## What to work on
Quote the whole listing word for word. Do not include the pictures.

## Dataset extract

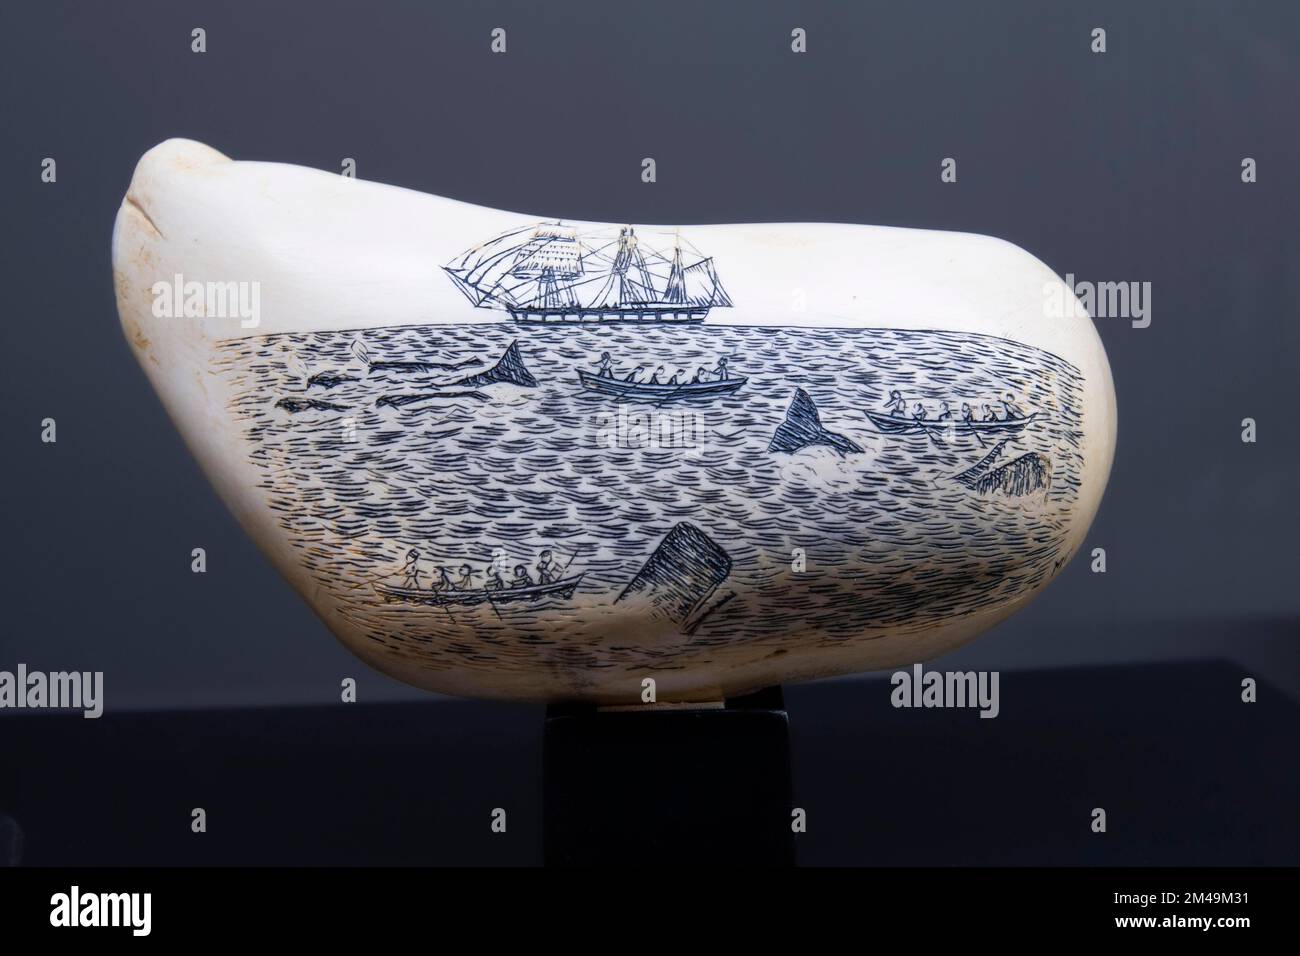 Dessins historiques sur une dent de cachalot (Physeter macrocephalus) (Syn.: Physeter catodon), Musée des baleines à Canical, île de Madère, Portugal Banque D'Images
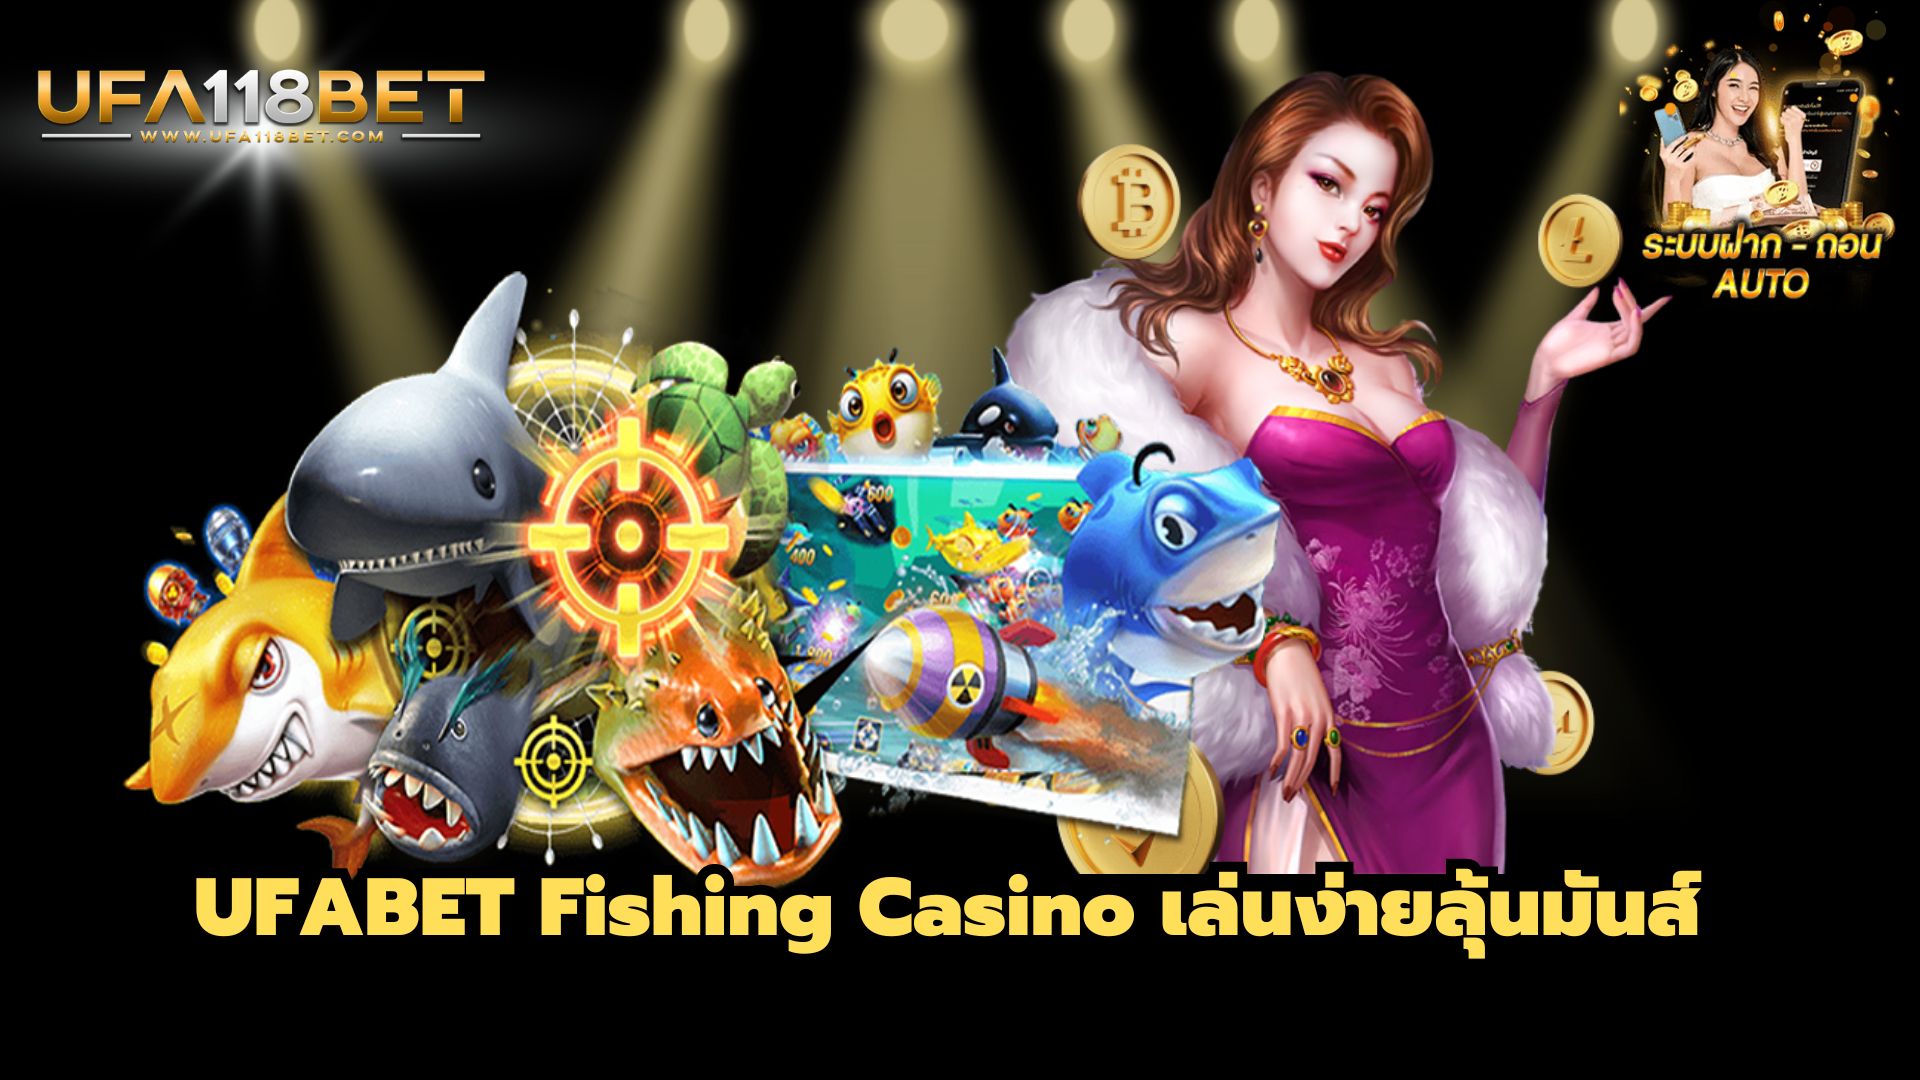 UFABET Fishing Casino เล่นง่ายลุ้นมันส์
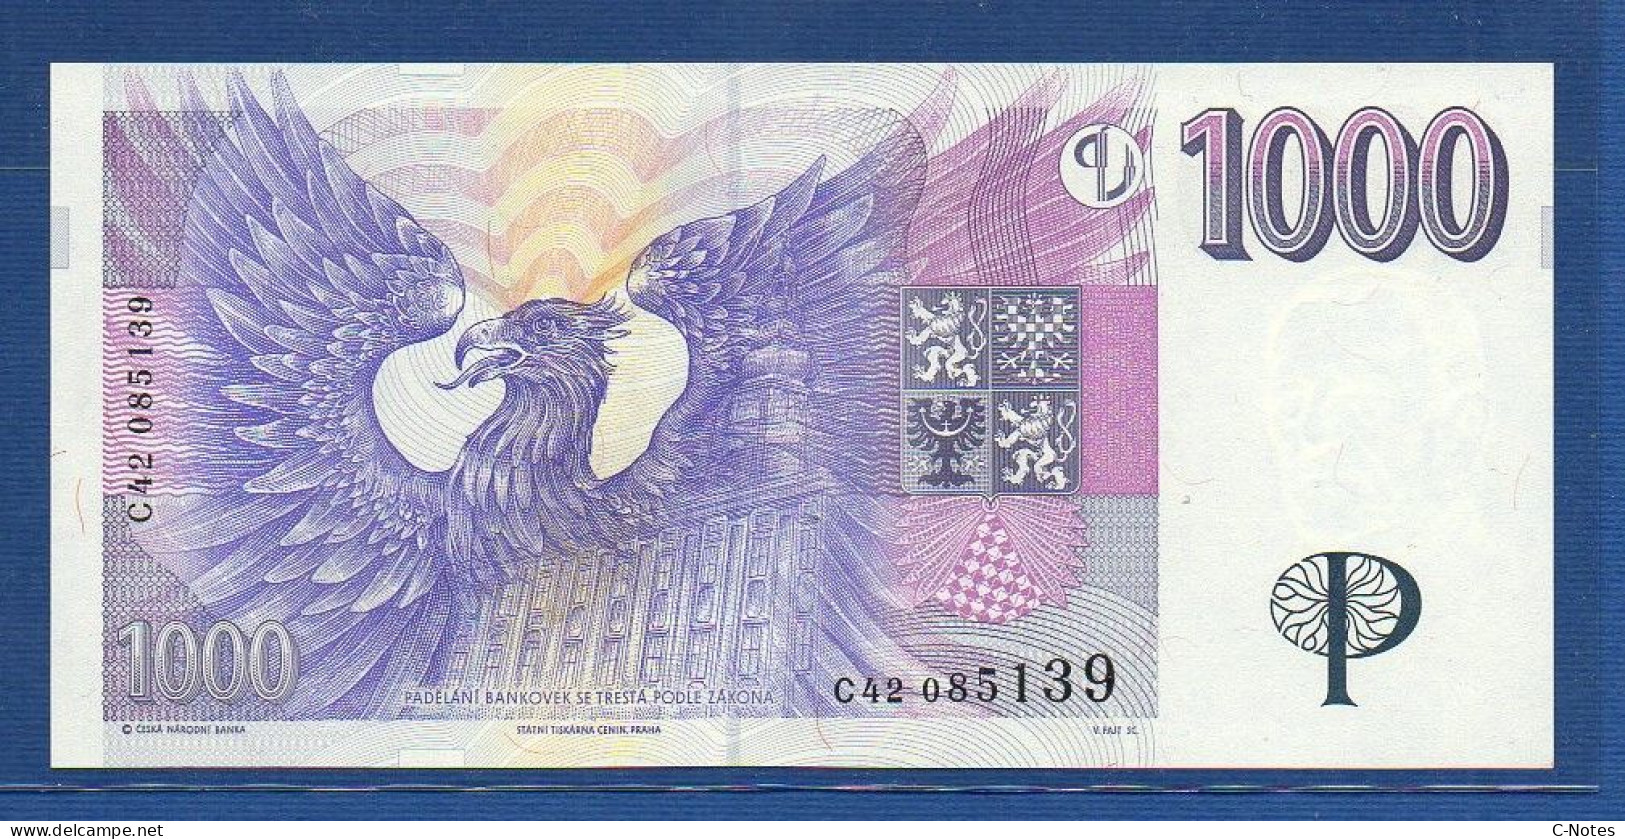 CZECHIA - CZECH Republic - P.15a – 1000 Korun 1996 UNC, S/n C42 085139 - República Checa
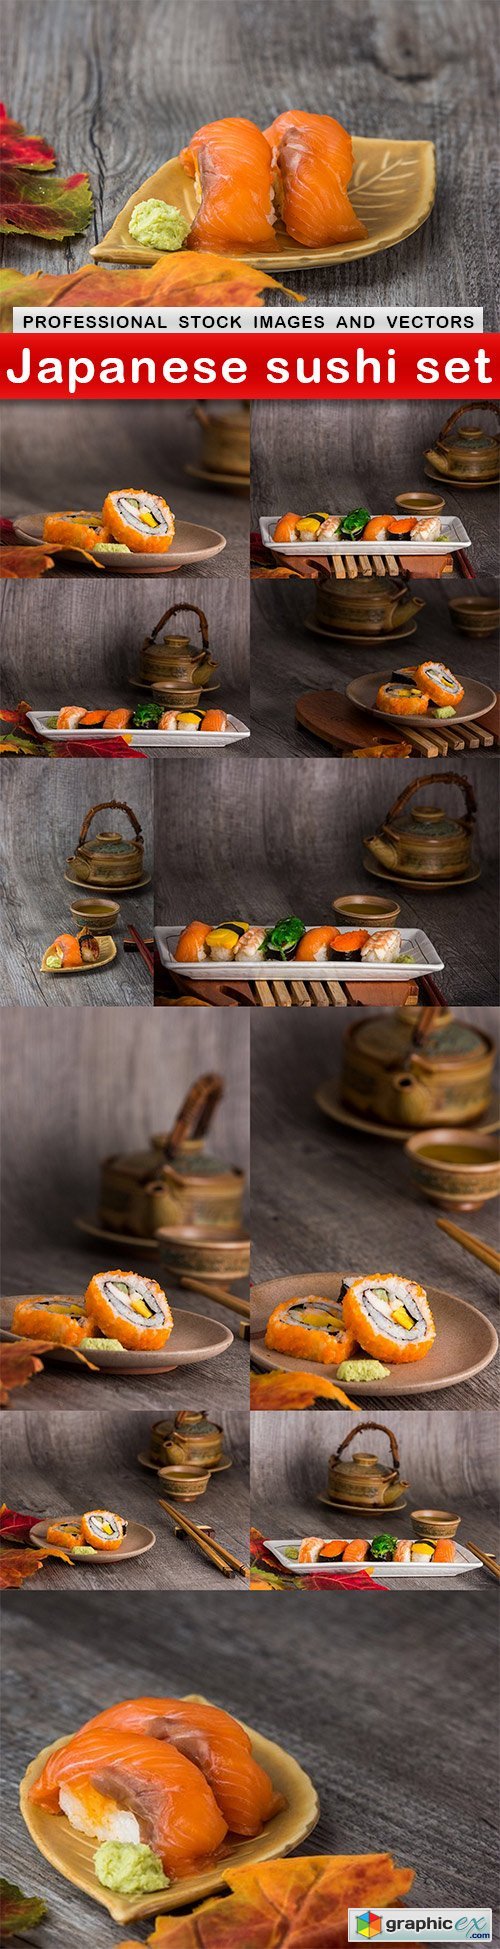 Japanese sushi set - 12 UHQ JPEG

## The completed task
 Dessins historiques sur une dent de cachalot (Physeter macrocephalus) (Syn.: Physeter catodon), Musée des baleines à Canical, île de Madère, Portugal Banque D'Images
 UFABET Fishing Casino เล่นง่ายลุ้นมันส์
 CZECHIA - CZECH Republic - P.15a – 1000 Korun 1996 UNC, S/n C42 085139 - República Checa
 Japanese sushi set - 12 UHQ JPEG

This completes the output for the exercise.